Based on the current status of research by many scholars, this paper focuses on the current shortcomings and carries out an in-depth study on the issue of commuter CB travel demand and service areas. The main research contents of this paper are as follows:(i)Firstly, based on the preprocessing of mobile phone signaling data and commuter OD identification, a commuter CB travel time-space potential model is proposed. Then, the study area is gridded, by designing an algorithm to solve the model.(ii)Considering commuters who meet certain conditions, Logistic Regression model is applied to analyze the unit grid as the basic cell. We choose the objective factors that influence passengers’ choice to take commuter CB as the output parameters of the model and deeply mine the potential population of commuter CB travel demand. We consider the high hotspot grids output of the model as the commuter CB service areas. Finally, using Chongqing, China, as a study case and three routes as examples, the results show that the operating companies are in a profitable state without government subsidies. The case results prove the effectiveness of the method proposed in this paper in practical applications.

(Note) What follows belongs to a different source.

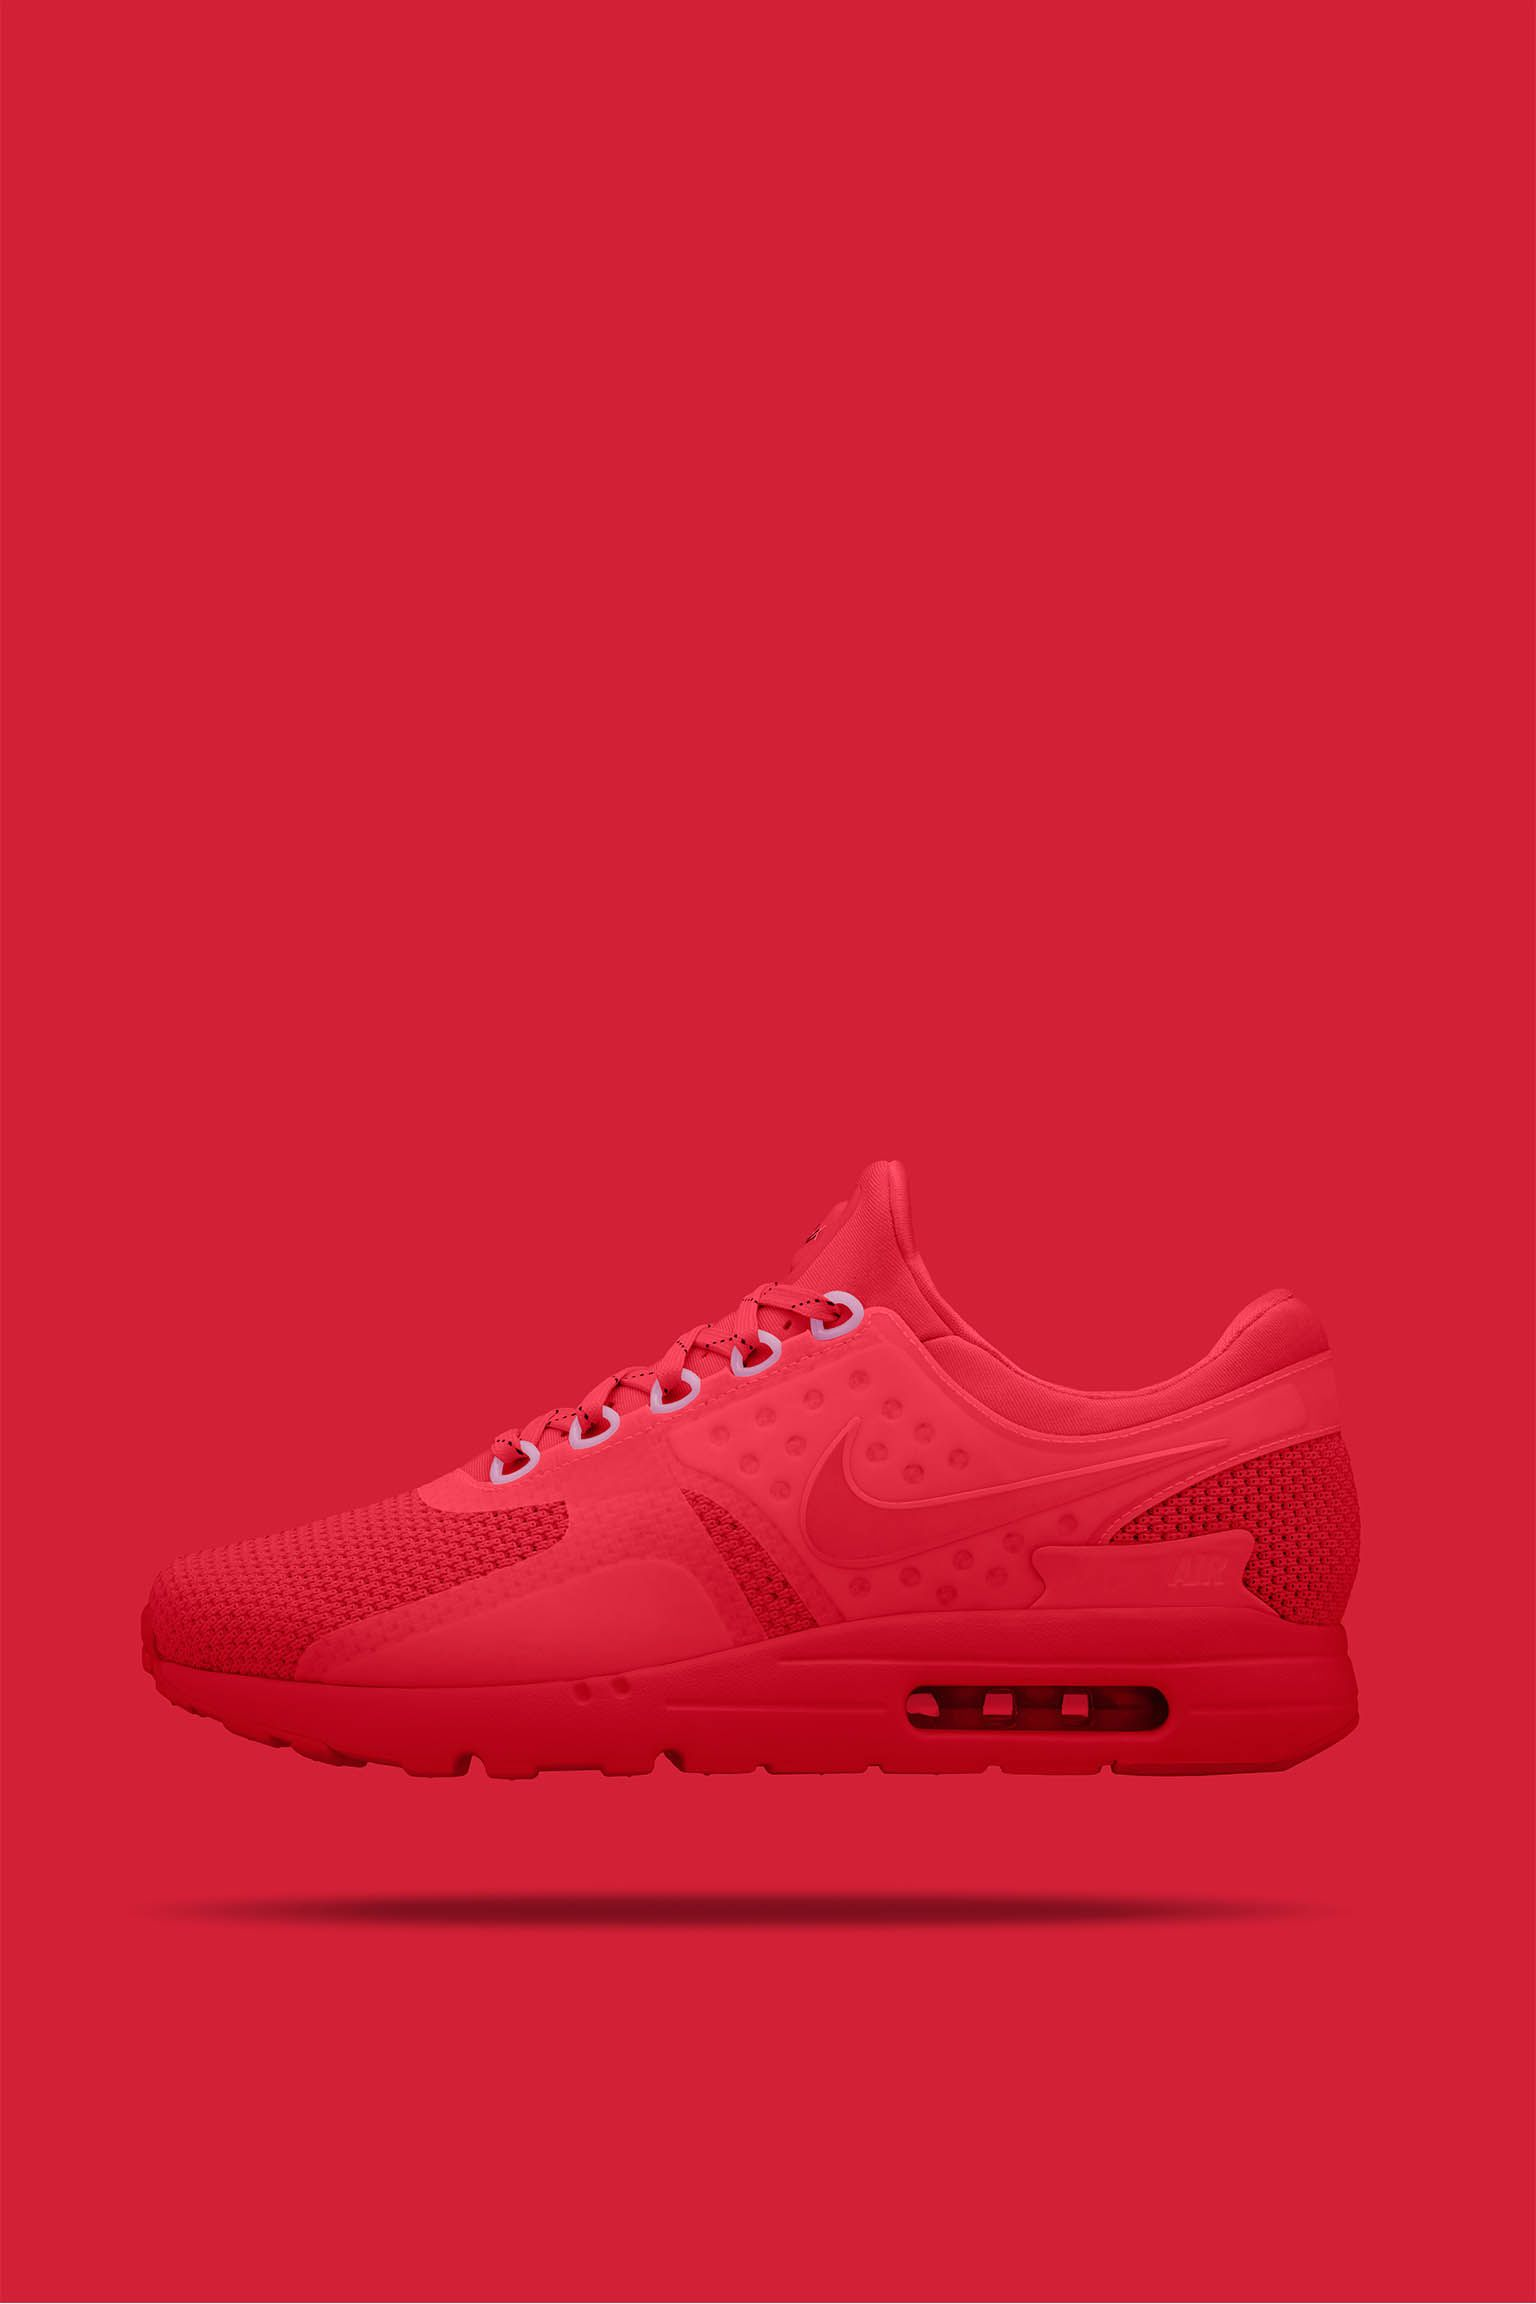 Nike Air Max Zero iD Release Date

In addition, some issues in this paper need to be further discussed:(i)The data used in this paper are mobile phone signaling data based on COO cellular cell location technology, and there are certain defects in data accuracy. The article chooses to sort the samples of the upper 30% and the lower 30% of the grids, and other methods are also feasible, such as the upper 20% and the lower 20%.(ii)The paper is not sufficient to justify the value of some model parameters, and it is expected that the parameters of the model can be further studied later to improve the accuracy of the model.(iii)The operating company can combine the spatial and temporal distribution characteristics of the potential commuter CB travel demand obtained from this paper to introduce intentional routes to specific areas. This way can provide people with convenient travel services.

Data Availability

The data used to support the results of this study are not available because they contain user privacy.

Conflicts of Interest

The authors declare that they have no conflicts of interest.

Acknowledgments

This paper was supported by the National Natural Science Foundation of China (no. 50908150).